## WORK REQUEST:
Nothing but the lines from the one with "TRAIN RAILWAY Transport" down to the one with "キーワード： おでかけせれくと お出かけセレクト" should be returned, exactly and with both ends included, from the material below.

## DATASET EXTRACT:
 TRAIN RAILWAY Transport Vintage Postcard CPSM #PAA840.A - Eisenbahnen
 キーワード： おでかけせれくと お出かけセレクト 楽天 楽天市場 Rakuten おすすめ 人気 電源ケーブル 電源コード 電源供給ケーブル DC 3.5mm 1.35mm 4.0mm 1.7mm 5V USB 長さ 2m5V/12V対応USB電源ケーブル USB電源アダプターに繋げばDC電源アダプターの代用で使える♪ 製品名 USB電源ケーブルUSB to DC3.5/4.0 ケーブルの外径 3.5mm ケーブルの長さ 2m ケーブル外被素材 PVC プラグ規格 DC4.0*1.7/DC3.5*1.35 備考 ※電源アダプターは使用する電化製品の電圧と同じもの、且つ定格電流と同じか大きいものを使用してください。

...

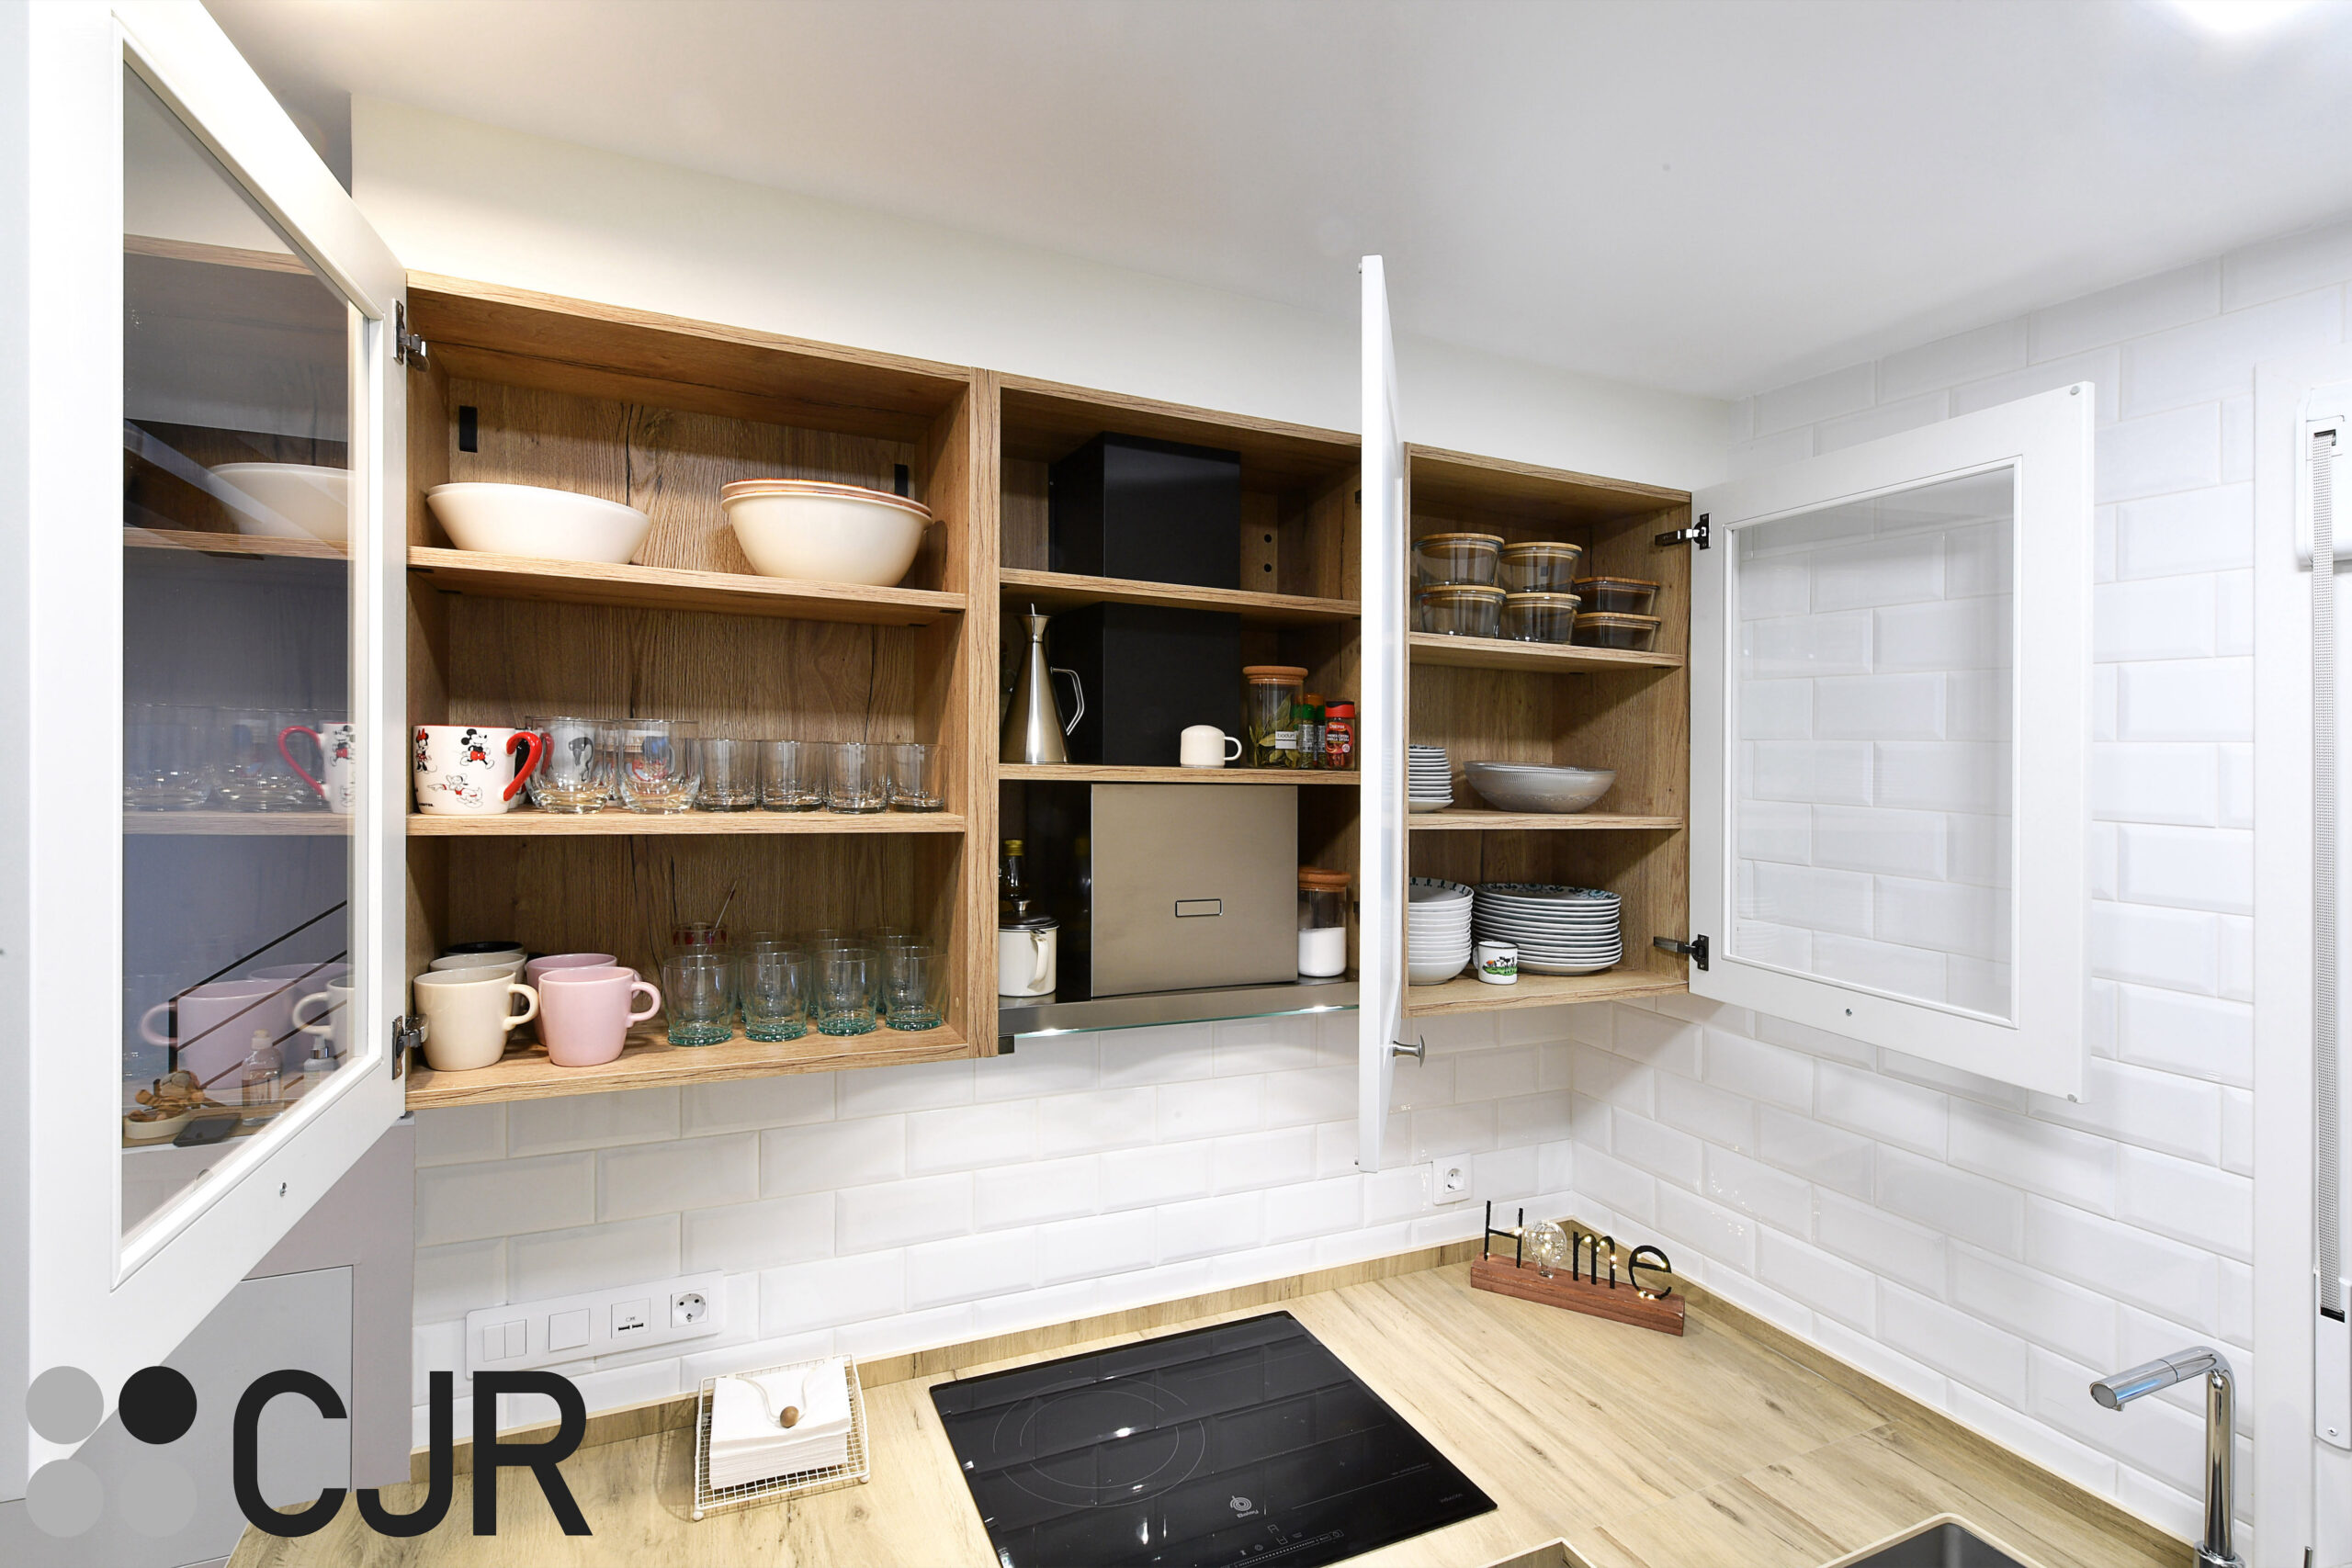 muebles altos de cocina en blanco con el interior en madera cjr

## REPLY TO THE TASK:
 TRAIN RAILWAY Transport Vintage Postcard CPSM #PAA840.A - Eisenbahnen
 キーワード： おでかけせれくと お出かけセレクト 楽天 楽天市場 Rakuten おすすめ 人気 電源ケーブル 電源コード 電源供給ケーブル DC 3.5mm 1.35mm 4.0mm 1.7mm 5V USB 長さ 2m5V/12V対応USB電源ケーブル USB電源アダプターに繋げばDC電源アダプターの代用で使える♪ 製品名 USB電源ケーブルUSB to DC3.5/4.0 ケーブルの外径 3.5mm ケーブルの長さ 2m ケーブル外被素材 PVC プラグ規格 DC4.0*1.7/DC3.5*1.35 備考 ※電源アダプターは使用する電化製品の電圧と同じもの、且つ定格電流と同じか大きいものを使用してください。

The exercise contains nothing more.